Flexible Modelling of Genetic Effects on Function-Valued Traits

International Conference on Research in Computational Molecular Biology (RECOMB 2016) |

DOI

Genome-wide association studies commonly examine one trait at a time. Occasionally they examine several related traits with the hopes of increasing power; in such a setting, the traits are not generally smoothly varying in any way such as time or space. However, for function-valued traits, the trait is often smoothly-varying along the axis of interest, such as space or time. For instance, in the case of longitudinal traits like growth curves, the axis of interest is time; for spatially-varying traits such as chromatin accessibility it would be position along the genome. Although there have been efforts to perform genome-wide association studies with such function-valued traits, the statistical approaches developed for this purpose often have limitations such as requiring the trait to behave linearly in time or space, or constraining the genetic effect itself to be constant or linear in time.
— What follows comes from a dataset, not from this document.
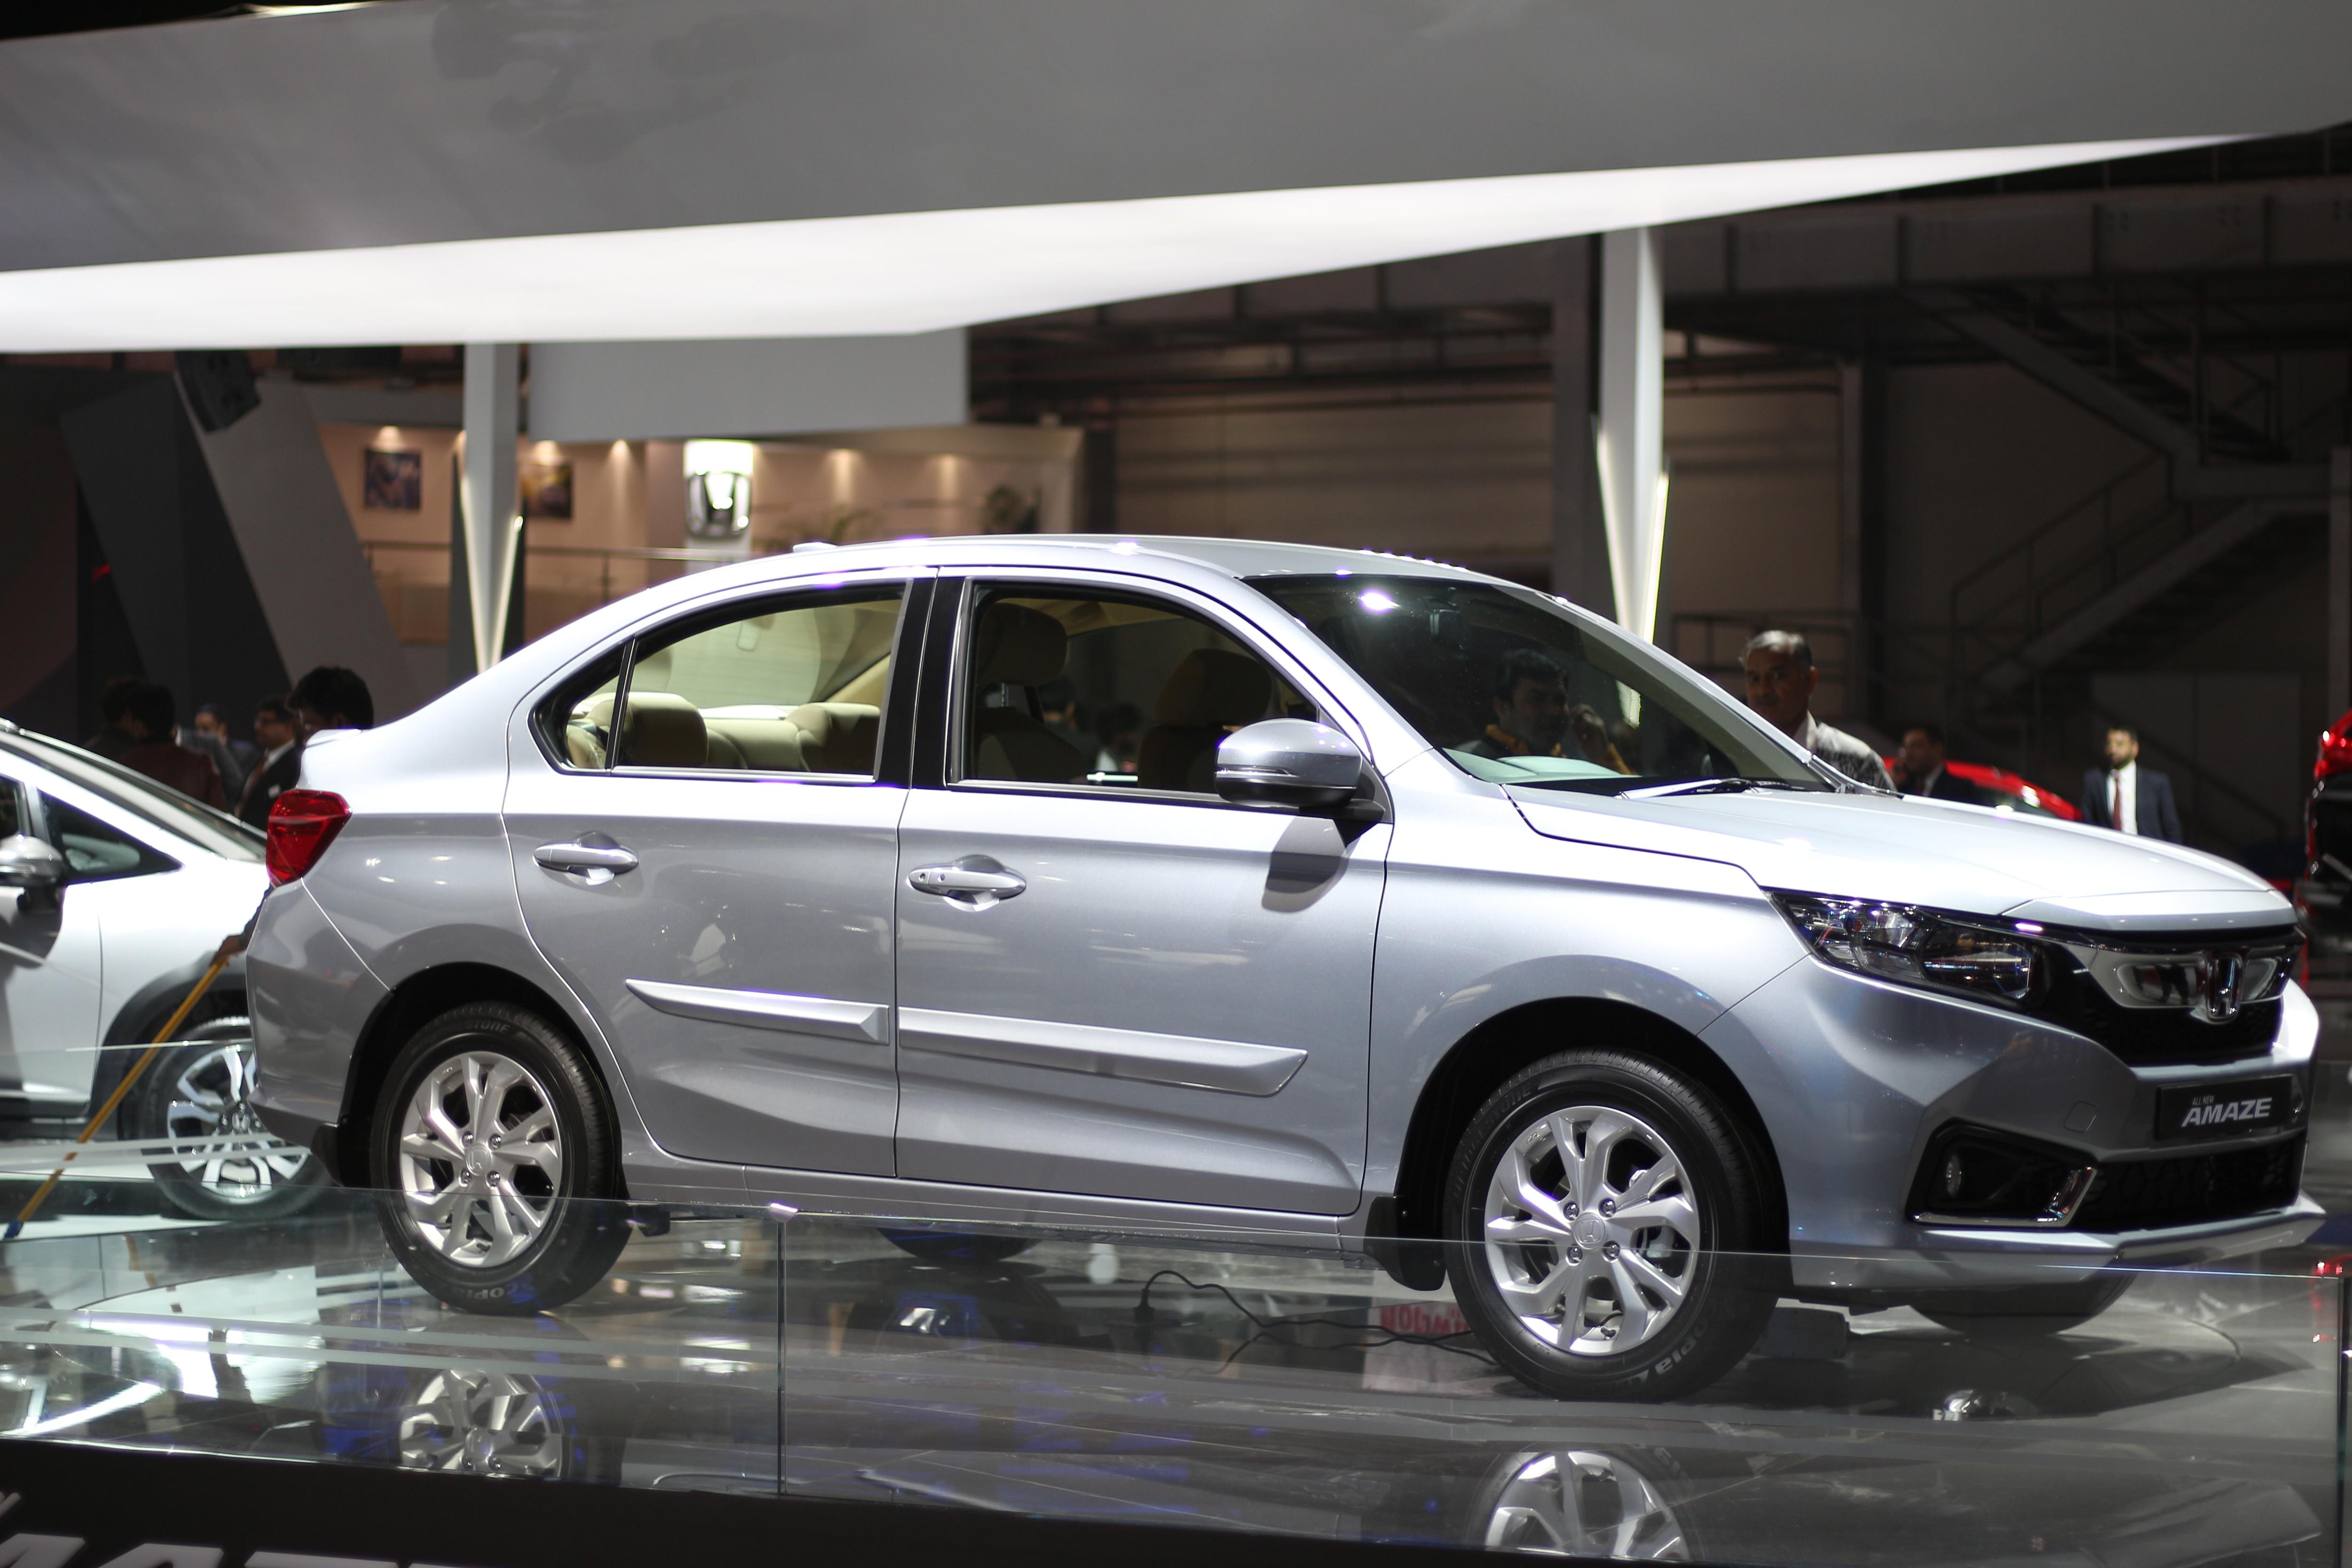 New Honda Amaze 2018: Price in India, Launch Date, Images, Specs, Features, Interior

Herein, we present a flexible model for this problem—the Partitioned Gaussian Process—which removes many such limitations and is especially effective as the number of time points increases. The theoretical basis of this model provides machinery for handling missing and unaligned function values such as would occur when not all individuals are measured at the same time points. Further, we make use of algebraic re-factorizations to substantially reduce the time complexity of our model beyond the naive implementation. Finally, we apply our approach and several others to synthetic data before closing with some directions for improved modelling and statistical testing.